Figure 4 (a) Distribution of `new' and total SCOP folds (red and yellow) and `new' and total CATH topologies (purple and green) in the PDB. This graph was generated using the tools available in the `PDB Statistics' page of the RSCB PDB (https://www.rcsb.org ; Berman et al., 2000). There has been no new fold reported since 2008 and no new topology since 2009. (b) Distribution of new `all-α' folds over the years: the large majority were discovered between 1990 and 2000, and between then and now the distribution of folds is basically unchanged. (c) Yearly and total reports for the α–α superhelix fold (as defined in SCOP). Even if the total number of folds has not changed, the number of structures within the fold has increased.

When everything else fails, the increase in computer power and CPU accessibility make the brute-force approach (using every possible search model available to solve a problem) more and more feasible. Such an approach was used by C. Strickland and T. Fishmann (personal communication) to solve the structure of a novel kinase. A text search of the PDB using the words `human protein kinase' returns close to 3000 hits, including Ser/Thr kinases, tyrosine kinases, histidine kinases and receptor and nonreceptor kinases: although not all are unique structures, there still is a good primary and tertiary structural sampling. Initially, a standard strategy was used: using primary-sequence alignments, 29 potential search models were chosen with sequence similarity between 25 and 35%. None of them provided a good solution using standard MR programs and procedures. A fully automated search [using AMoRe as the MR program of choice, a packing search to prune the results and REFMAC (Murshudov et al., 2011) to perform an initial round of refinement] was then run using all of the chains of all the unique kinase structures in the PDB as search models (almost 2600 search models) and sampling all possible space groups in the Laue class.

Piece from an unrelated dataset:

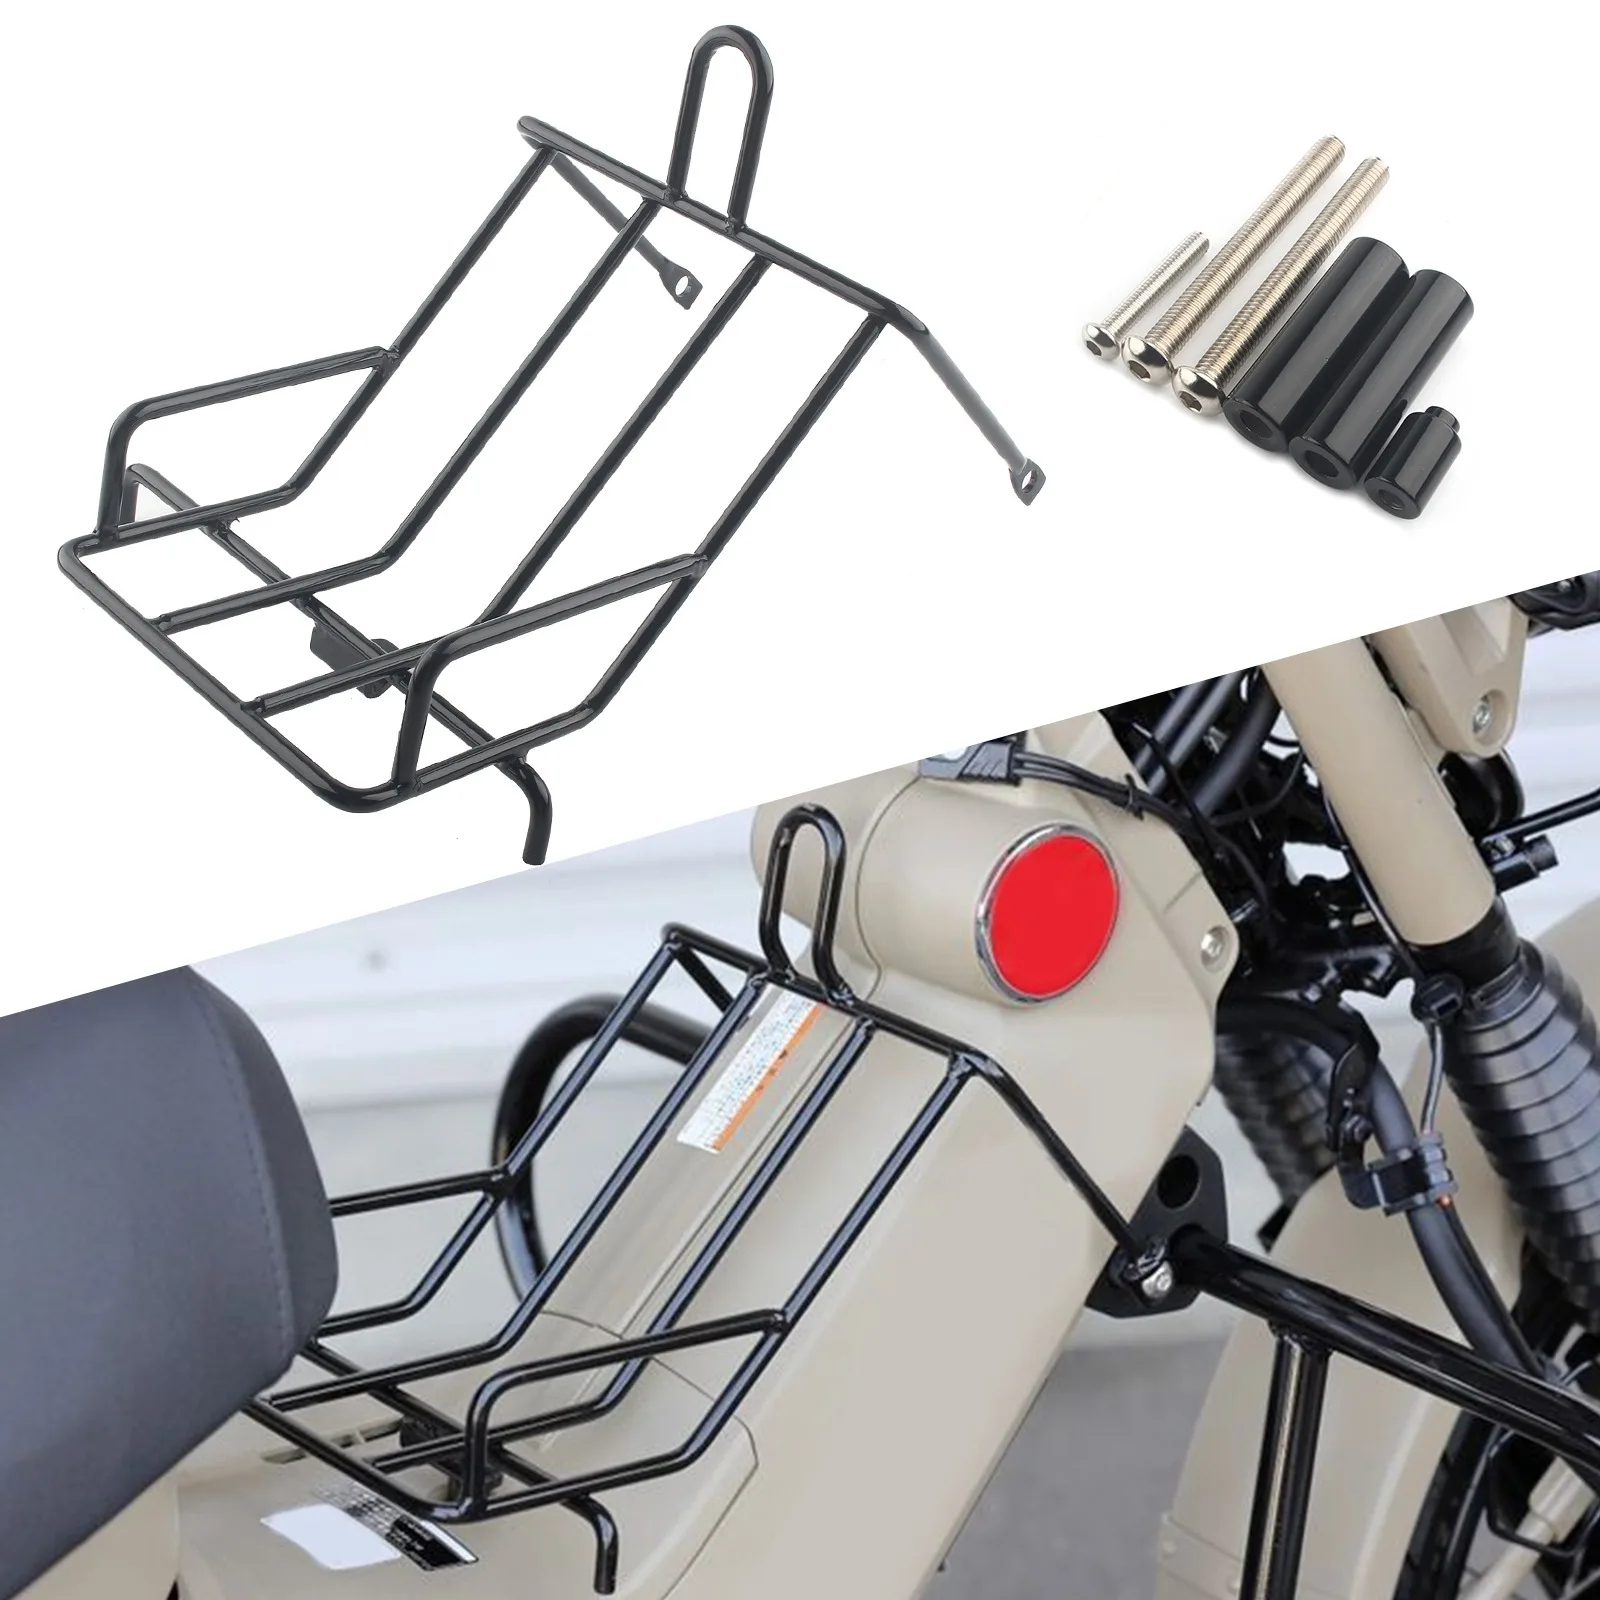 

Motorcycle Center Rack Box Motocross Mid-shelf Seat Carrier Luggage For Honda CT125 Hunter Cub Trail 125 2020-2023 Modified Part

The output of the search revealed only one possible solution (Fig. 5): the sequence identity was less than 13%, but the C^α r.s.m.d. at the end was 1.18 Å, which is well below the theoretical 1.5 Å that indicates the limit for a successful search. An even more exhaustive way of taking advantage of the large and growing PDB is the use of Wide Search Molecular Replacement (Stokes-Rees & Sliz, 2010). Using this method, it was shown that by expanding the range of search models to the entire PDB, small (less than 12% structural coverage) and low sequence identity (less than 20% identity) templates can be identified through novel multidimensional template-scoring metrics and used to solve previously unknown macromolecular complexes. Although computationally very intensive, these workflows may become tractable through integration with national or international supercomputer grids. The potential lesson here is that whatever problem we are dealing with, the chances of finding a probe similar in three-dimensional structure, even if not necessarily in sequence, to our target protein are increasing, and model sampling and manipulation have become an essential part of the molecular-replacement procedure.

Figure 5 Distribution of R factors (as calculated by REFMAC) versus trial number for the brute-force approach molecular-replacement experiment described in the text. Only one solution clearly differentiated itself from the others (green arrow) and corresponded to a search probe with a sequence identity of less than 13% but a final r.m.s.d. on Cα atoms of 1.18 Å.

3.2. Other search models

Although the most commonly used search models are related X-ray structures, it should not be forgotten that other sources of structural information are available and that the advancements in several different techniques (from NMR to electron microscopy to de novo protein modeling) may make these models usable for MR.